Task details
Restate word for word each line from the one containing "Newcomer 1/8 2.4G" through the end of the material, and nothing more. Drop every picture.

Supplied data
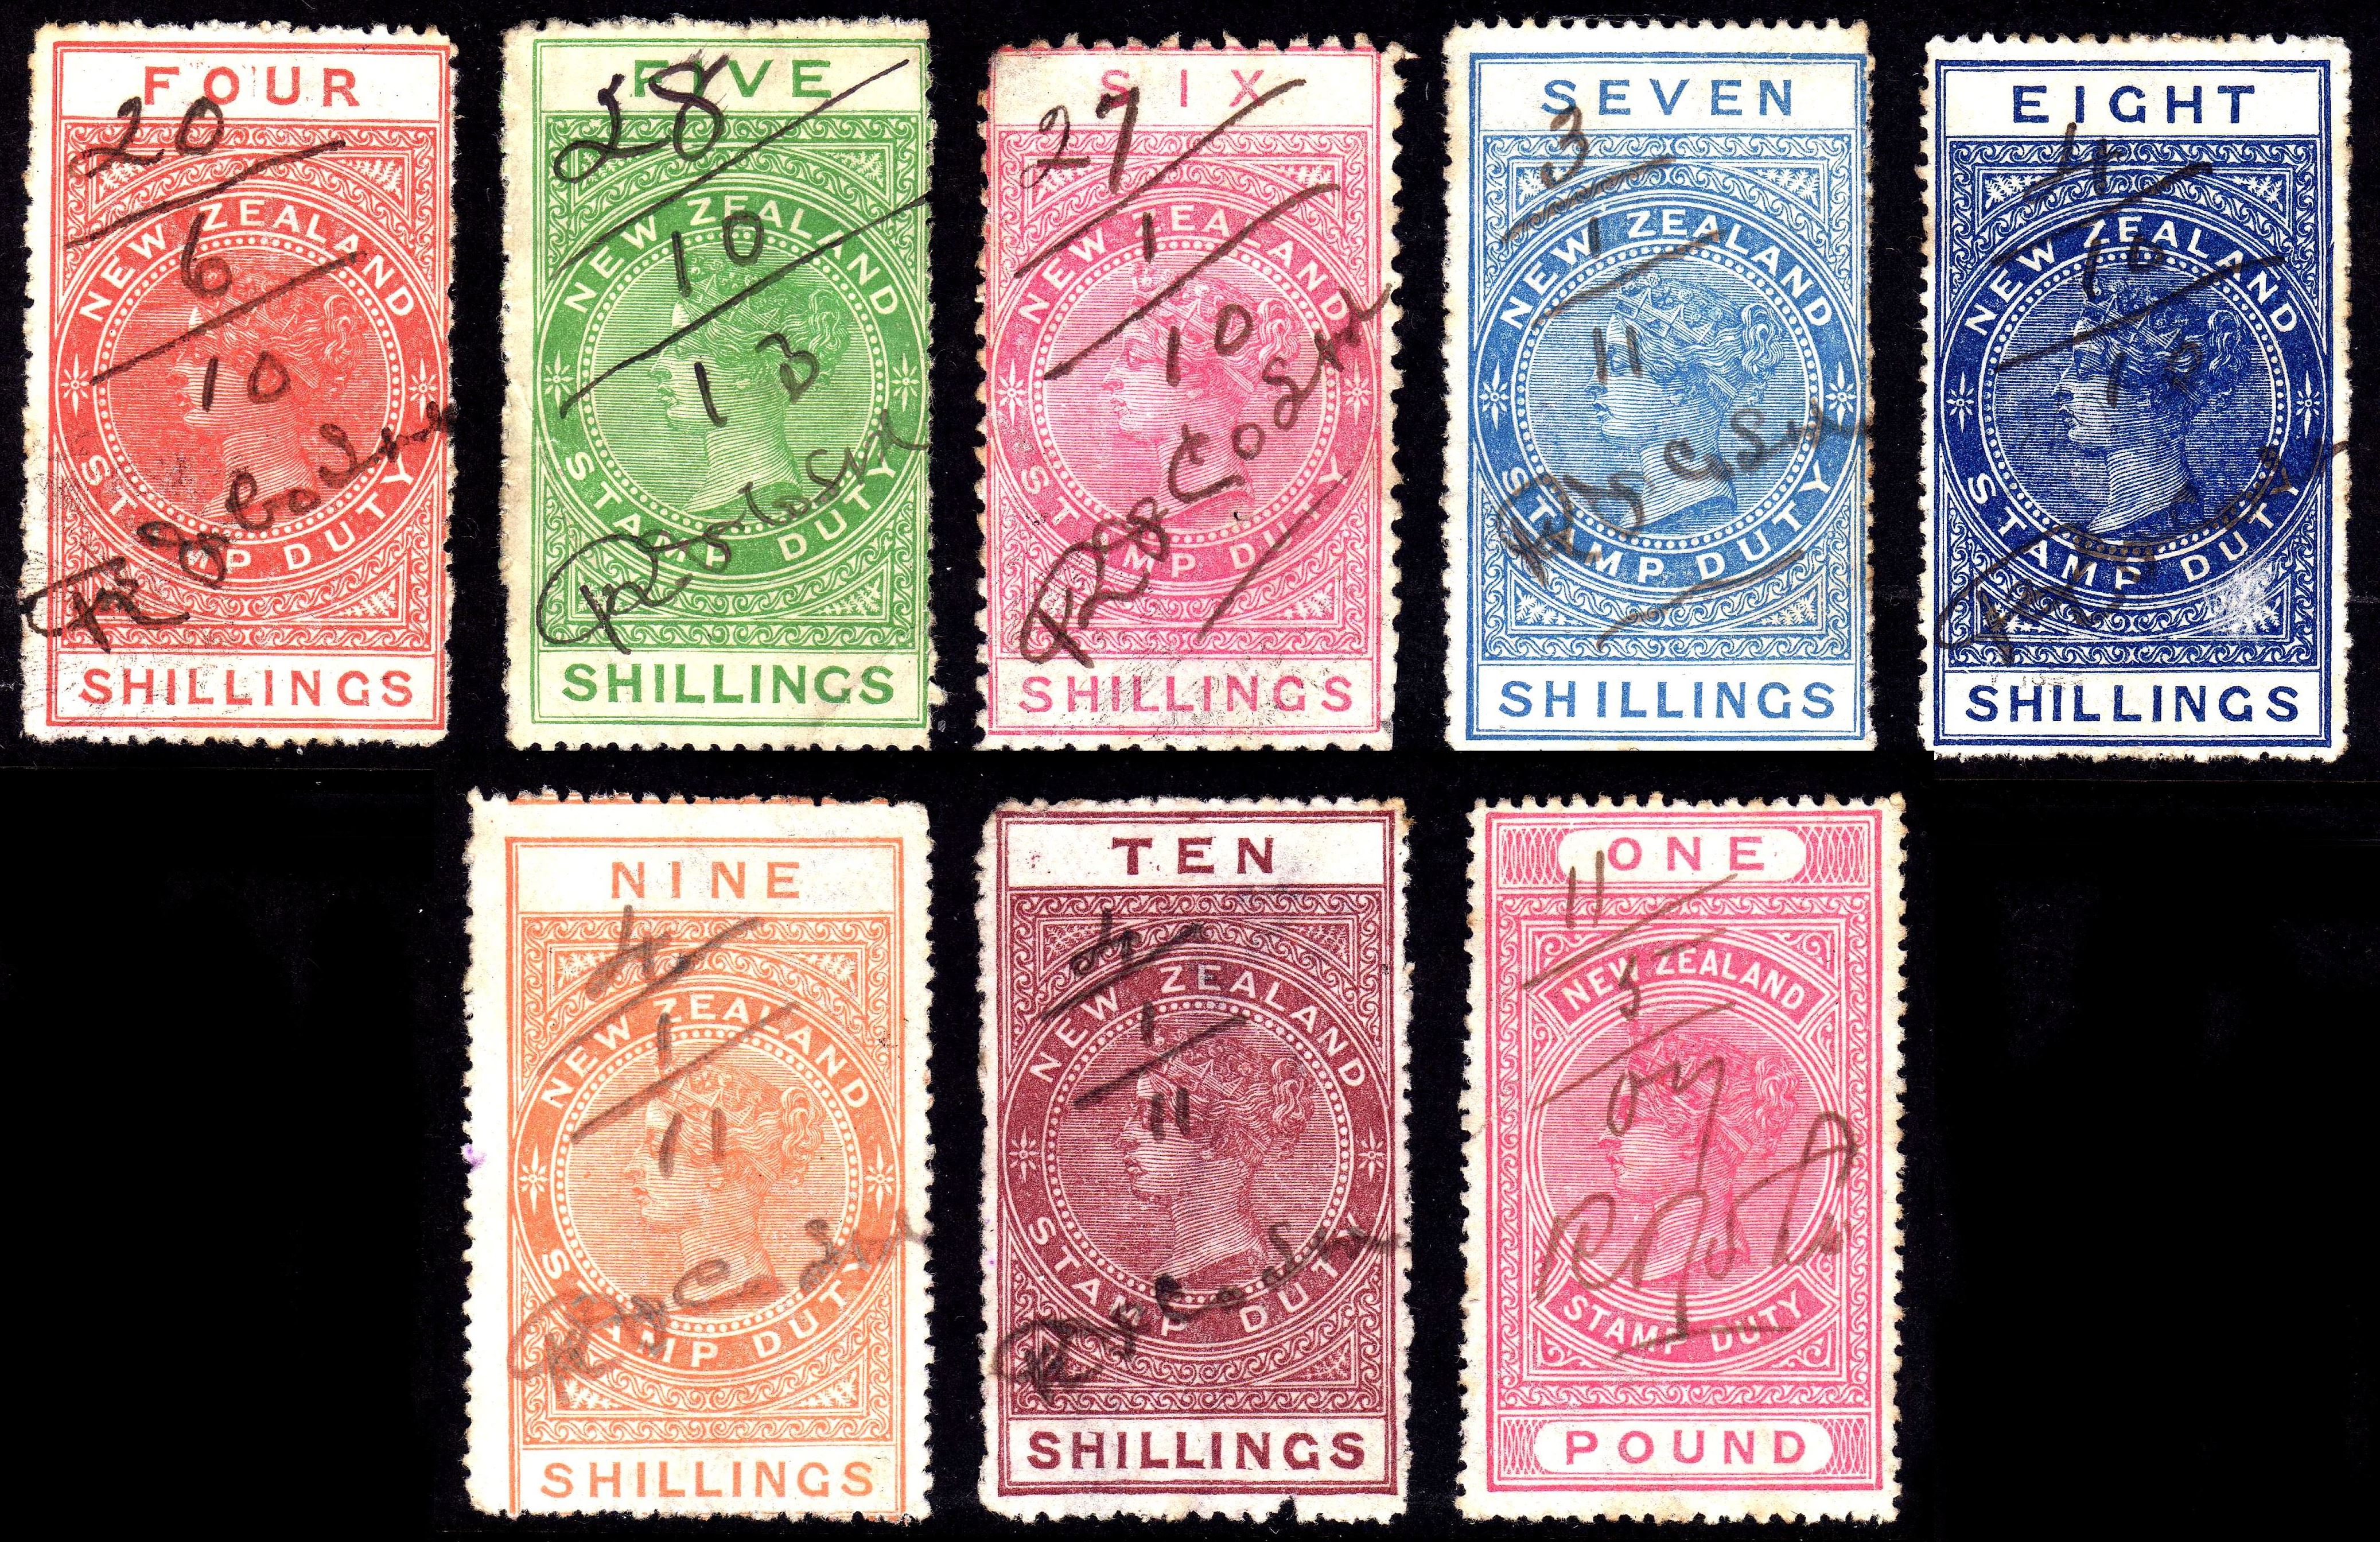 New Zealand stamp duty stamps
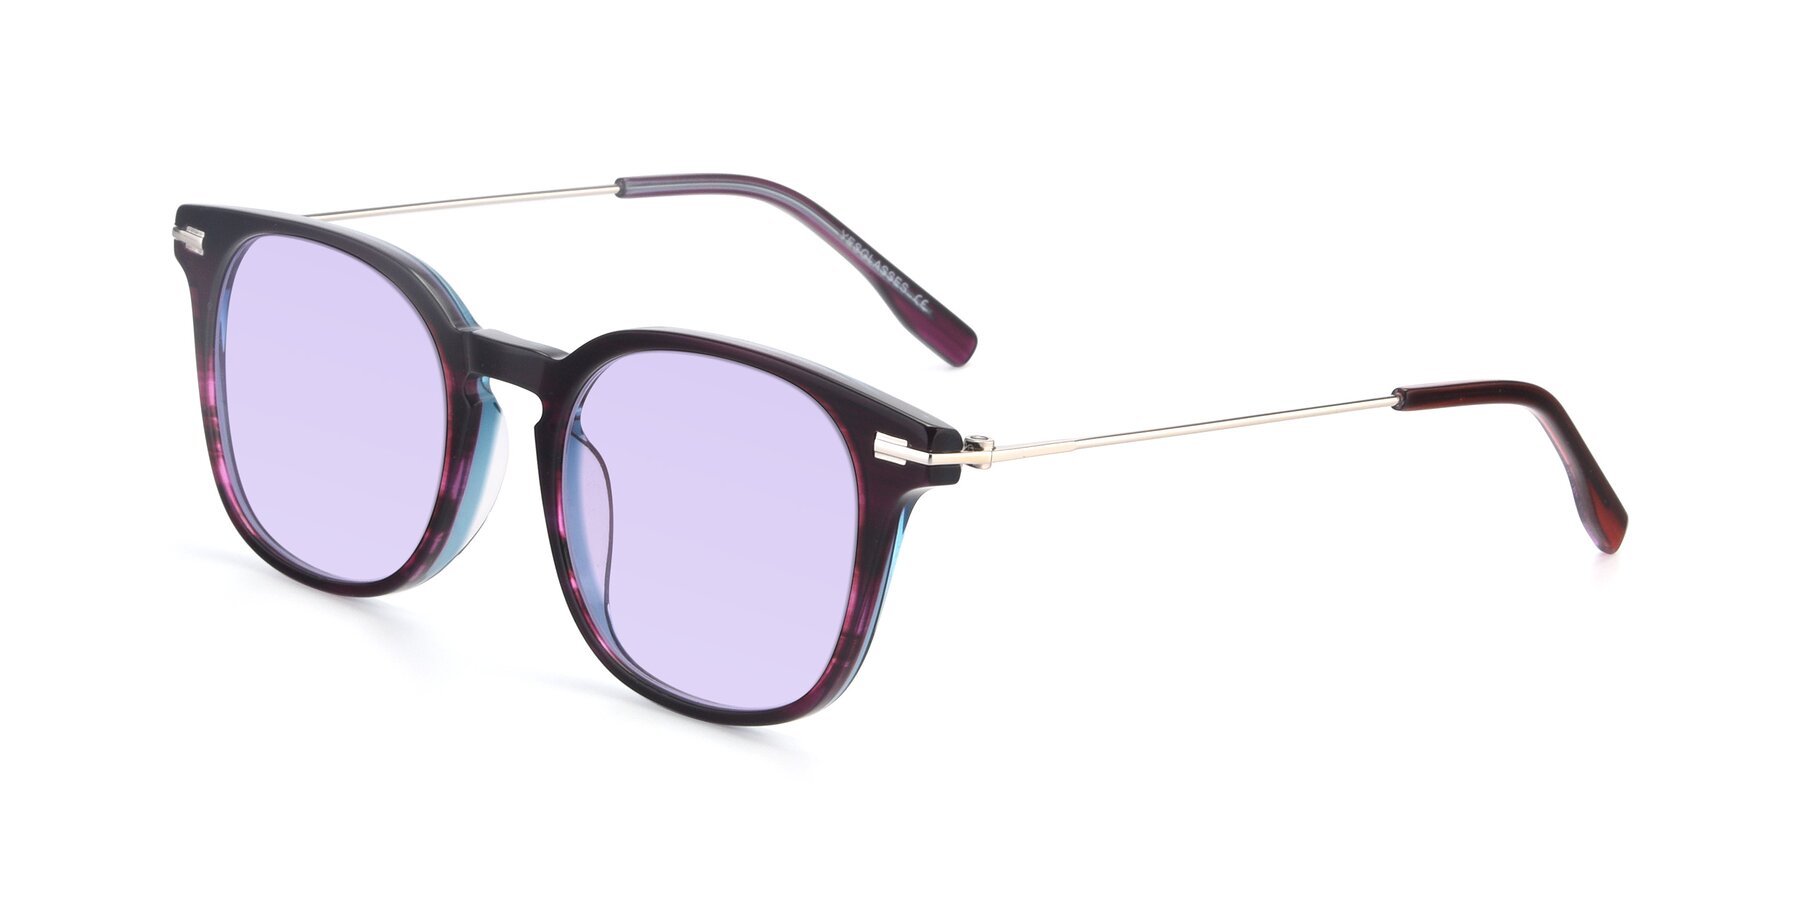 Angle of 17711 in Dark Purple with Light Purple Tinted Lenses
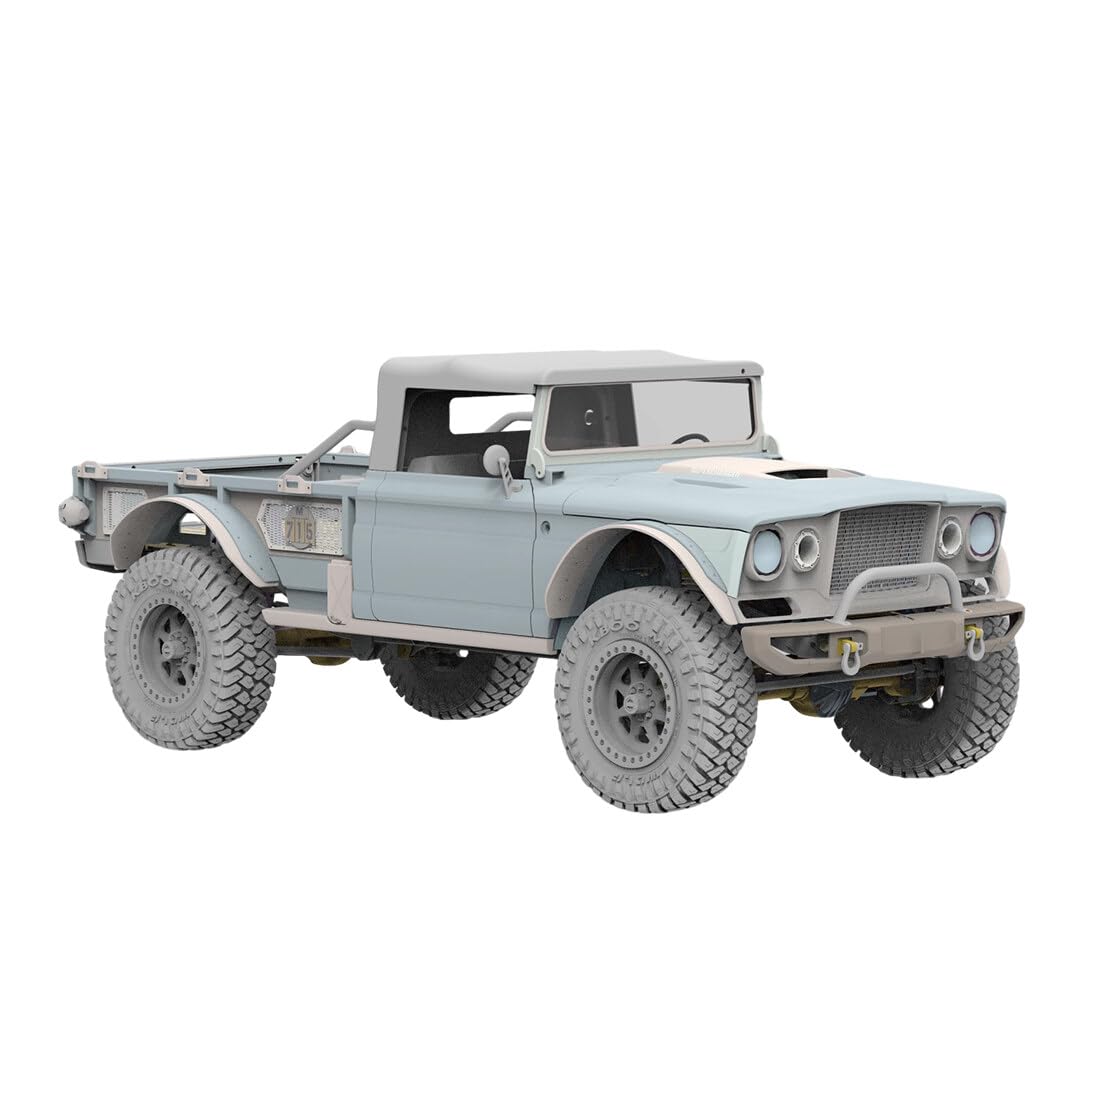 Newcomer 1/8 2.4G RC 4WD All-Metal Off-Road Climbing Pickup Truck Chassis Model, Racing Car Model Halloween Christmas Surprising Gift for Kids (KIT Version)
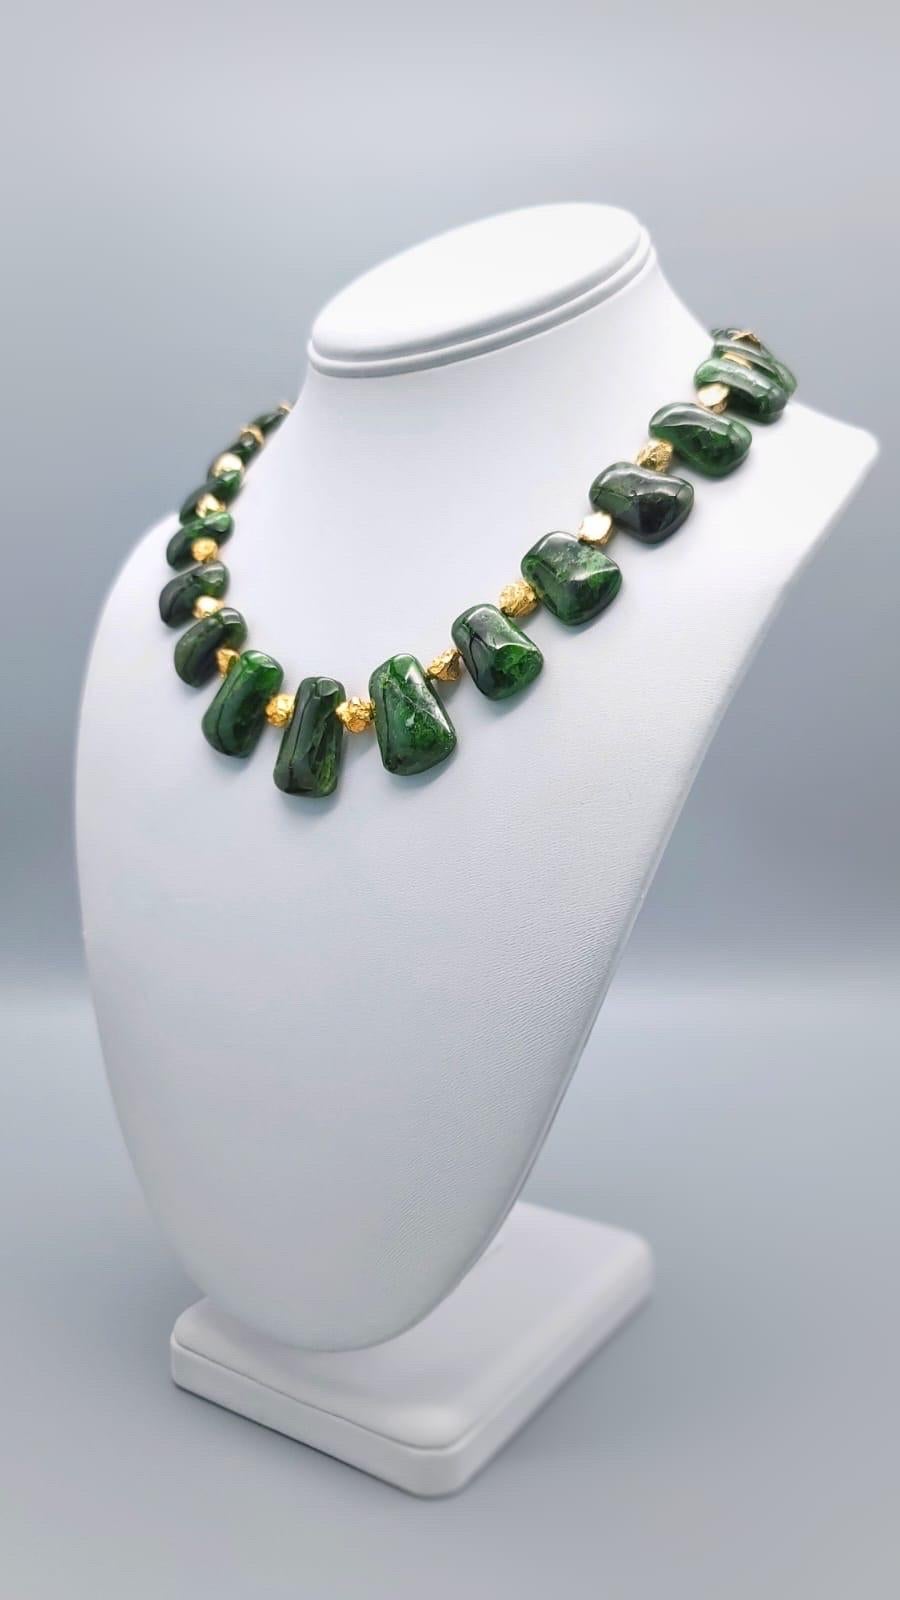 A.Jeschel Richly colored Chrome Diopside necklace 9

Task solution
 Newcomer 1/8 2.4G RC 4WD All-Metal Off-Road Climbing Pickup Truck Chassis Model, Racing Car Model Halloween Christmas Surprising Gift for Kids (KIT Version)
 A.Jeschel Richly colored Chrome Diopside necklace 9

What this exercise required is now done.